The social media giant said Tuesday it will offer its own cryptocurrency, called Project Libra, which it could use to build an alternative financial system that targets the unbanked.

But members of both political parties appeared skeptical of the effort, with Financial Services Committee Chairwoman Maxine Waters demanding that Facebook halt its plans while Congress looks into the matter.

“Given the company’s troubled past, I am requesting that Facebook agree to a moratorium on any movement forward on developing a cryptocurrency until Congress and regulators have the opportunity to examine these issues and take action,” the California Democrat said in a press release.

House Financial Services Committee Chairwoman Maxine Waters

“Regulators should see this as a wake-up call to get serious about the privacy and national security concerns, cybersecurity risks, and trading risks that are posed by cryptocurrencies,” said House Financial Services Committee Chairman Maxine Waters.

Bloomberg News

Rep.
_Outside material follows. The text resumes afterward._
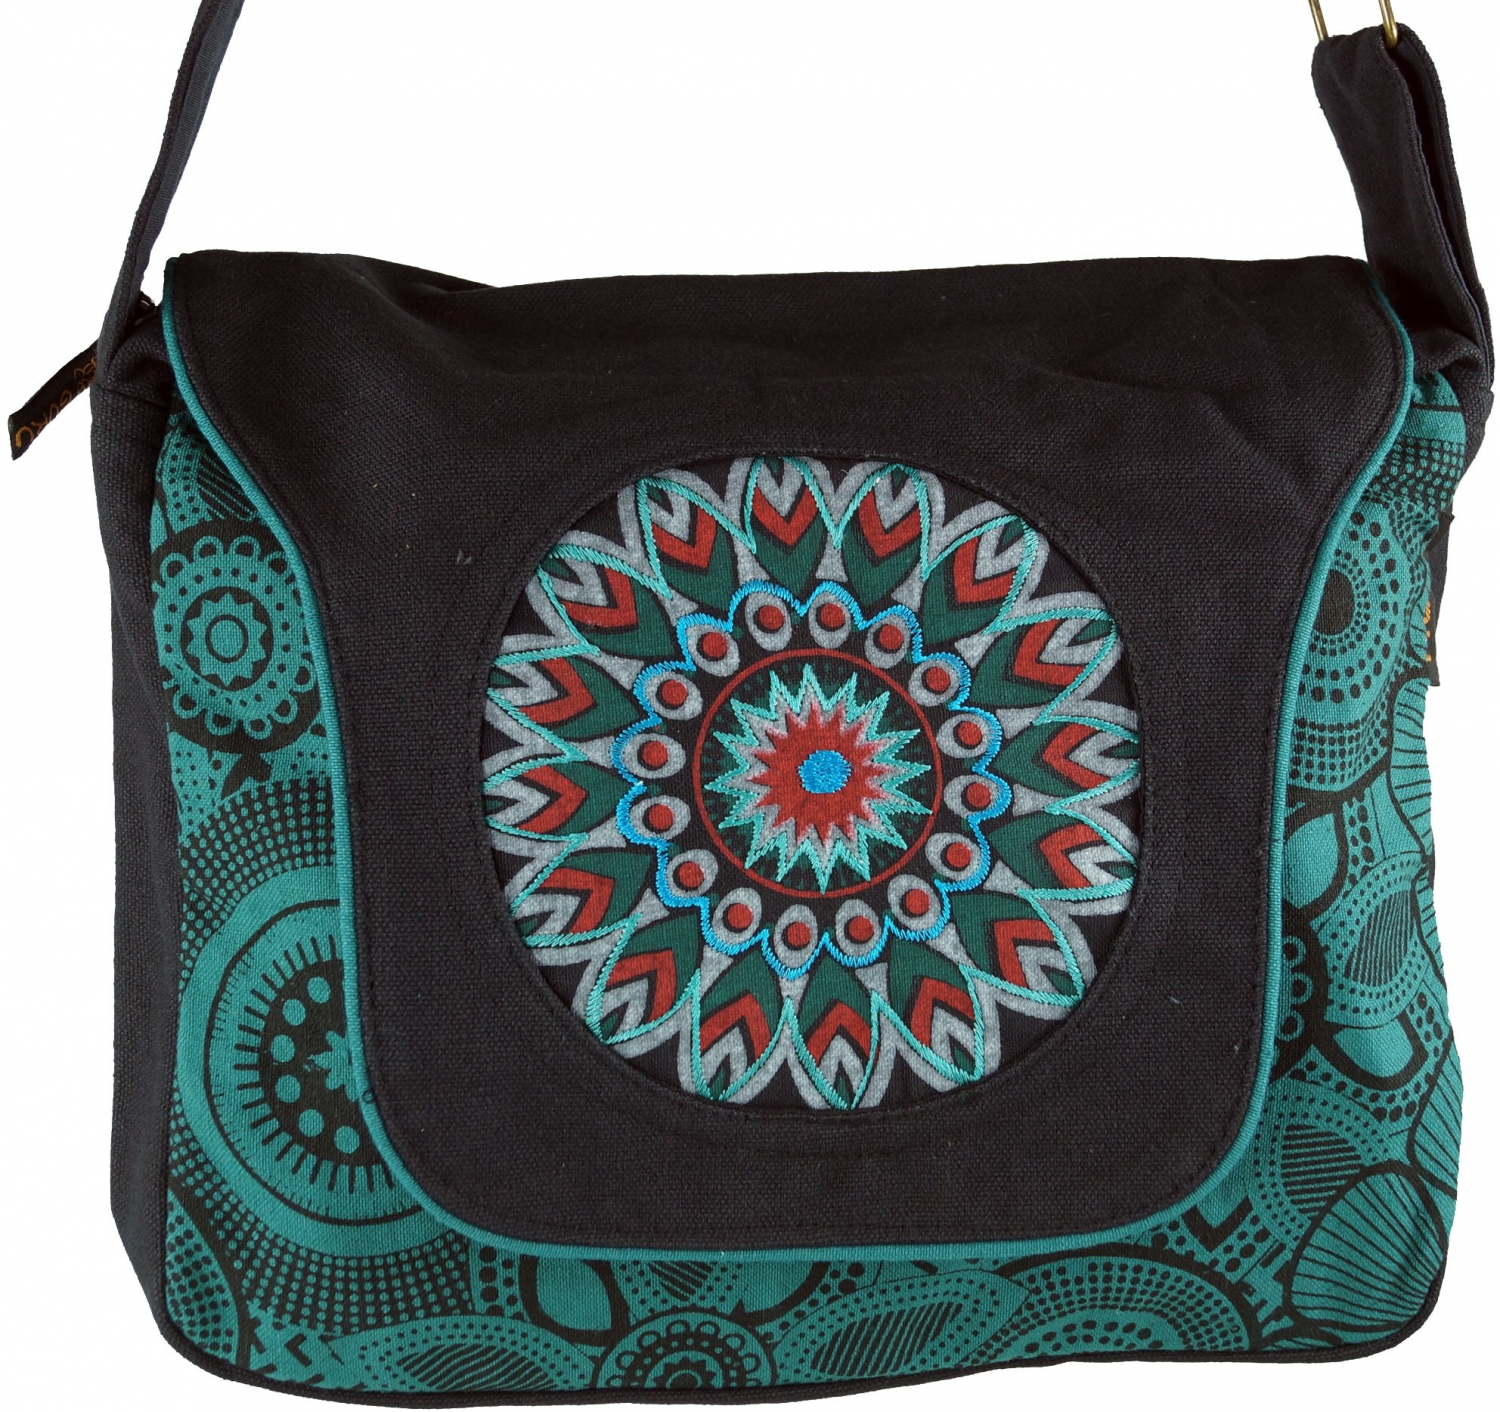 Schultertasche, Hippie Tasche, Goa Tasche, Umhängetasche, Handtasche -  schwarz/blau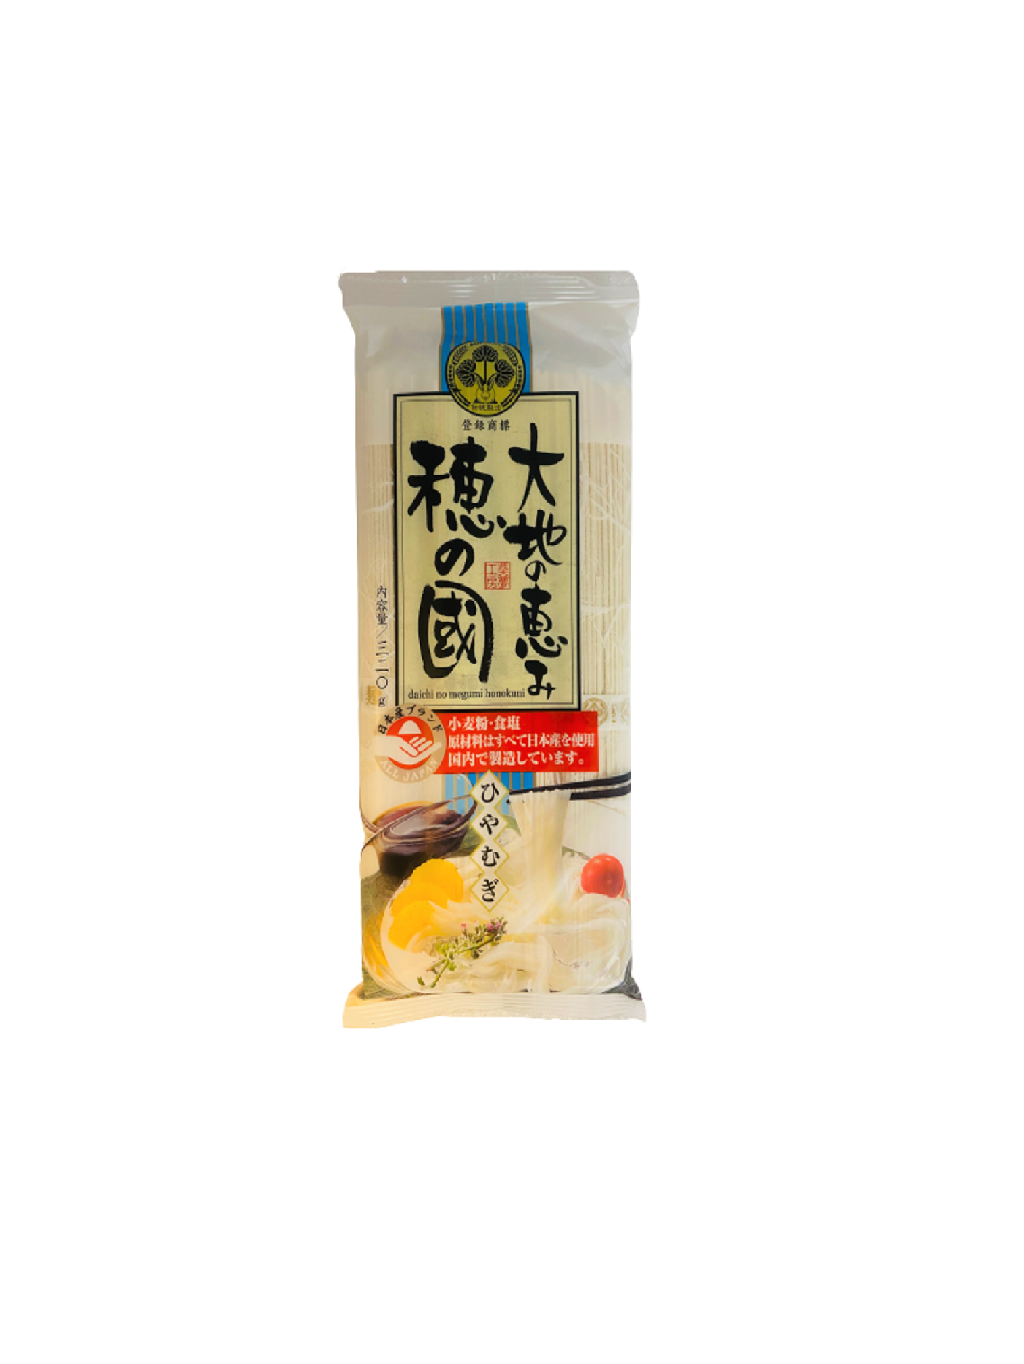 Daichi no Megumi Hiyamugi Noodles

Patrick McHenry, the top GOP member of the panel, didn’t go quite that far, but endorsed the call for hearings.

“While there is great promise for this new technology in fostering financial inclusion and faster payments, particularly in the developing world, we know there are many open questions as to the scope and scale of the project,” McHenry wrote in a letter to Waters asking for hearings. “It is incumbent upon us as policymakers to understand Project Libra.”

Waters suggested Facebook’s data privacy scandals make it a poor choice to launch a worldwide financial network.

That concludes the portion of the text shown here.